Railway experts at the core of the learning process - A case study on frog point detection

Updated: Dec 12, 2023




Context


The maintenance of large infrastructures poses the challenge of monitoring its components in a scalable way. The aim is to drastically increase the responsiveness of maintenance operations in the long term, with the possibility of integrating them coherently and as early as possible into an action schedule.


The use of inspection wagons allows and facilitates the acquisition of a large amount of heterogeneous data that is composed of sensors’ measurements and corresponding contextual metadata. Structuring this large mass of data by highlighting relevant information is a key point to cleverly schedule maintenance acts. In the case of the image data acquired by a wagon, it is crucial to position the different components of the infrastructure and assess their state.


At RAILwAI, our ambition is to propose predictive analysis solutions based on the most recent progress in Artificial Intelligence (AI) to index all these heterogeneous data and perform a wide range of downstream tasks on top of it. We rely on state-of-the-art generalist image segmentation models to extract the relative position of different identified components of interest (poles, rails, etc.).


We are working in a hybrid localisation system that may relies on different measurements sources to provide robust localisation estimations on different conditions. The system we describe in this article works in a general way and can be applied to a wide range of components in metro, tramway, and railway infrastructures such as poles, switches, catenary, etc. This hybrid system allows to have very accurate localisation even in case of missing or noisy conditions for odometer and GPS. It also keeps track of any component in the infrastructure and monitor its state from image analysis to have updated patrimonial data of the maintainer.


Figure 1. An illustration of a generic object segmentation model on images grabbed by an inspection wagon.
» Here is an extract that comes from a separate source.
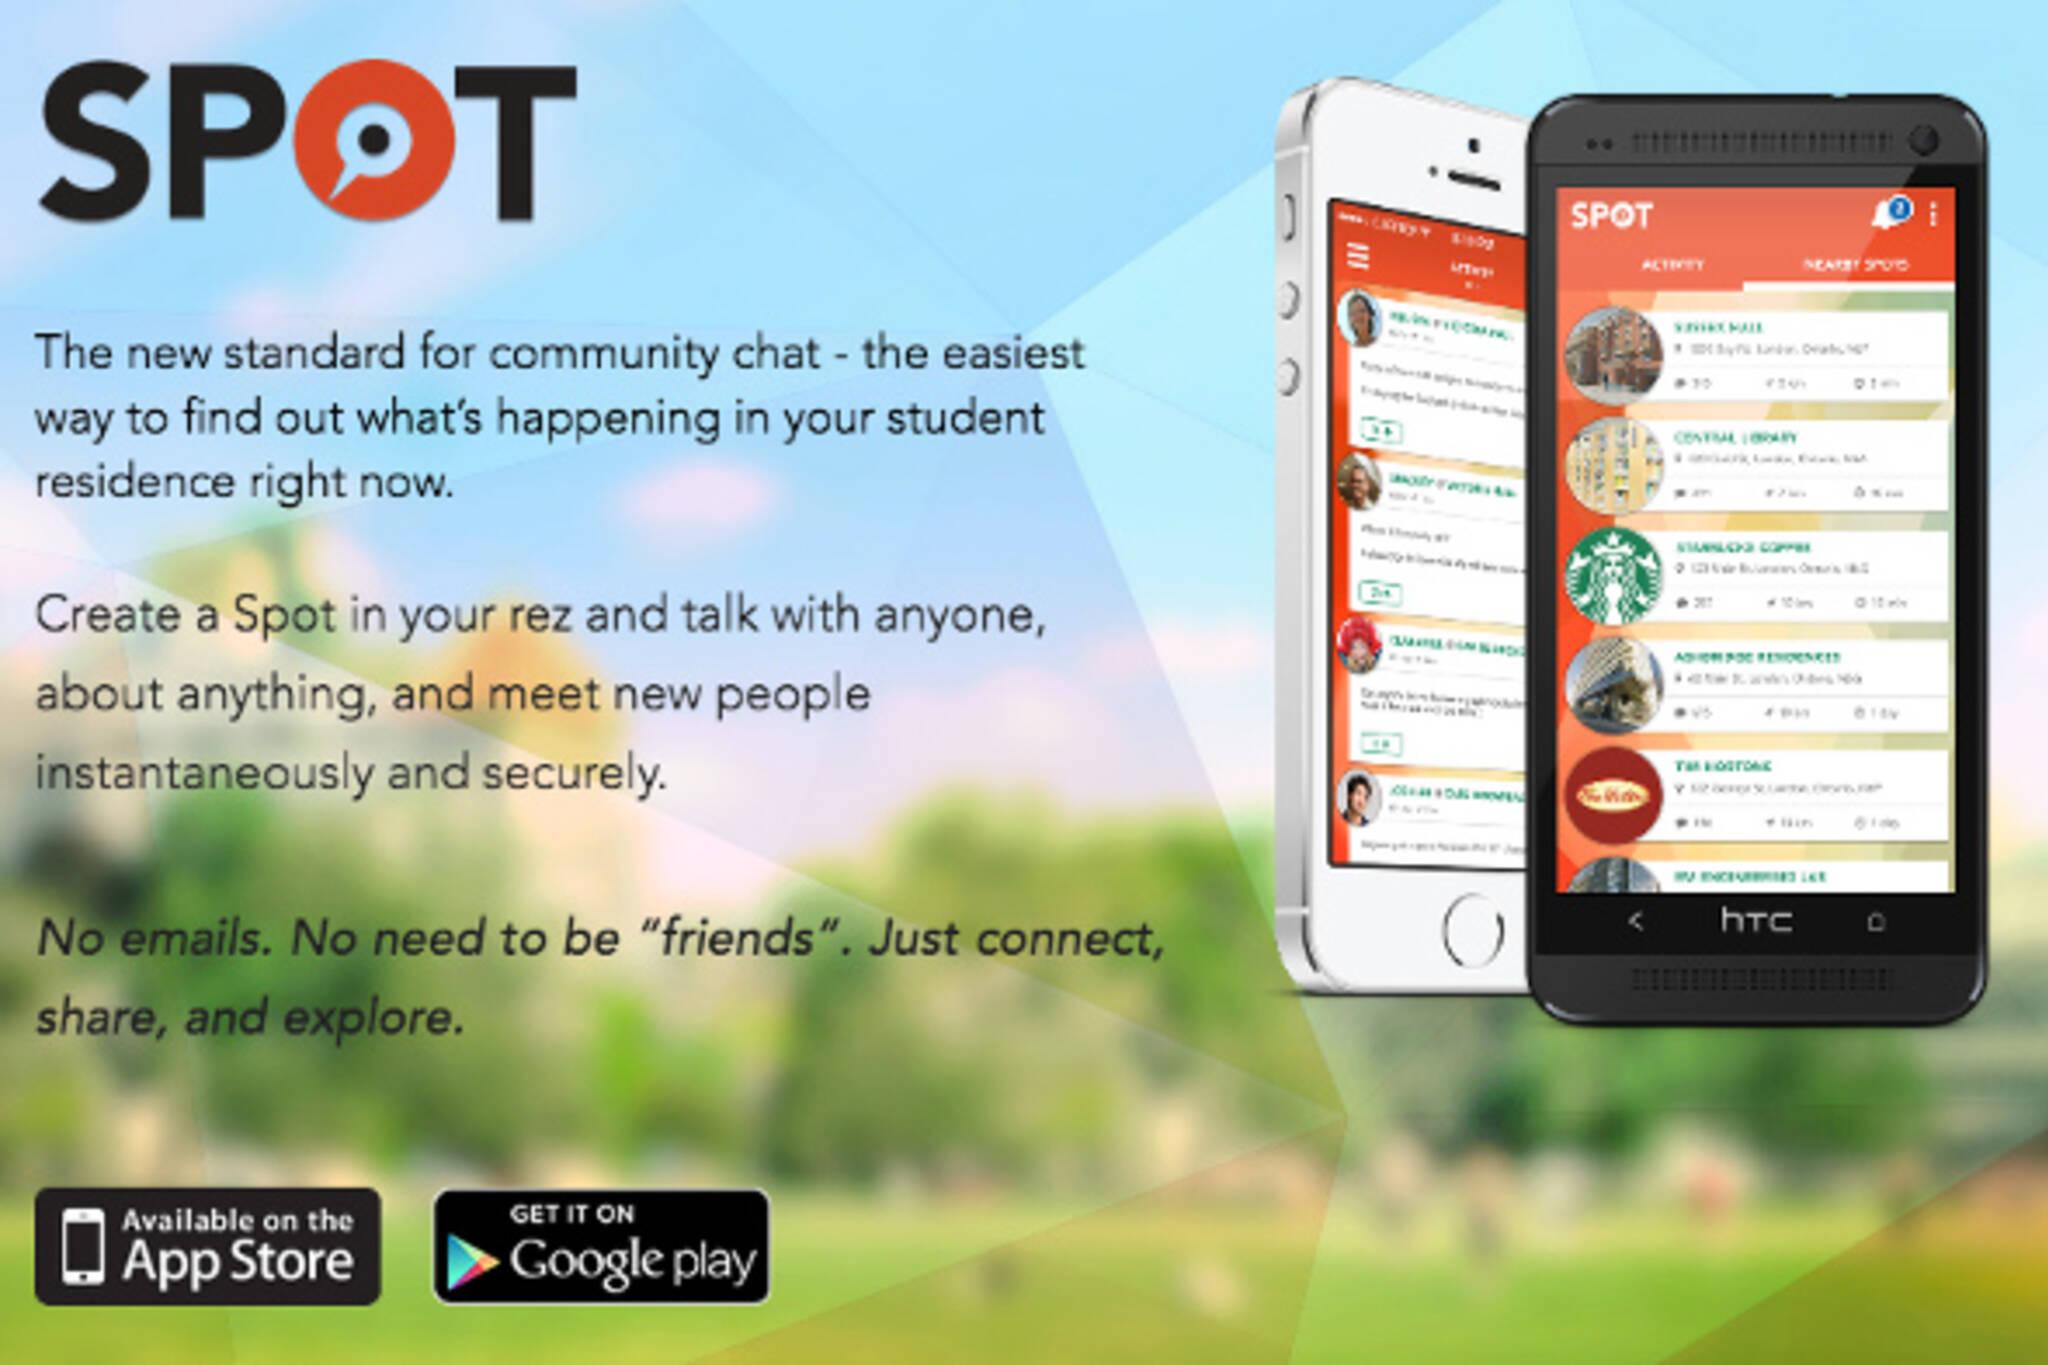 spot app
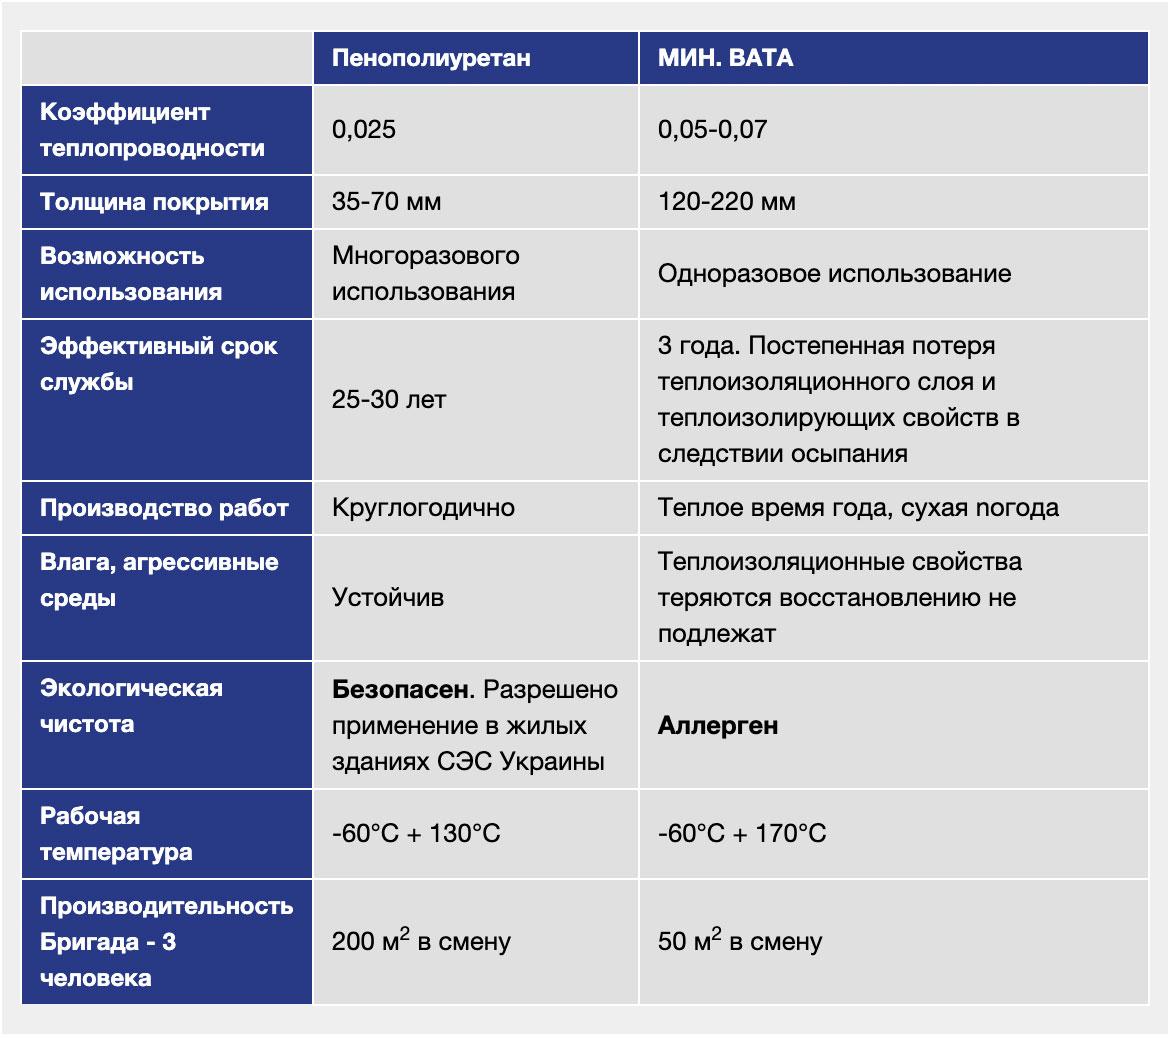 СРАВНИТЕЛЬНЫЙ АНАЛИЗ технико-экономической эффективности при использовании ППУ- изделий и традиционной мин.ваты

Left panel: original image; right panel: segmented image.
Figure 1. An illustration of a generic object segmentation model on images grabbed by an inspection wagon. Left panel: original image; right panel: segmented image.

The innovative part of our solution relies on the fact that it is an open and adaptive system. It may evolve and learn through time to get better to adapt to annotations provided by the users. It is possible for the users to annotate several specific components from the video stream coming from the camera. In this article, we demonstrate on an example

i) how to adapt the system to focus on frog point localization, and

ii) how to use this to consolidate train trajectory when dealing with noisy GPS measurements.


Use case: Frog point detection


In optimal conditions, GPS provides quite accurate localisation, especially in regions densely covered by satellites. The system uses those data to calibrate position of the inspection wagon with respect to reference element in the infrastructure by validating and updating geographical information.


In situations where GPS signal is weak or missing, like in tunnels or dense urban zones, the system may rely on odometer for localisation. However, some limitation may arise preventing accurate detection when the wagon switches track. In those situations, video recognition becomes a powerful tool to disambiguate the measures and get a robust estimate of the wagon localisation.


Embedded cameras continuously grab several pictures with different view on the wagon. Then, it is possible to use AI-based models to detect on which track the wagon is switching when nearby well identified and localised component of the rail infrastructure. In this article, we consider switch’s frog points detection.


As show in Figure 2, we tackle the problem of detecting frog points from images through a model pipeline composed of two main steps. The first model employs a state-of-the-art pre-trained segmentation model. Its main goal is to detect the rail track regions in front of the heading camera of the train and ignore any other detected tracks as shown in Figure 3.


Figure 2. Model Pipeline
Figure 2. Model Pipeline

The segmentation model can detect the masked track lines as an output to the next step. The second model of the pipeline is a supervised classification model that categorizes whether the output segmentation mask corresponds to a frog point or not.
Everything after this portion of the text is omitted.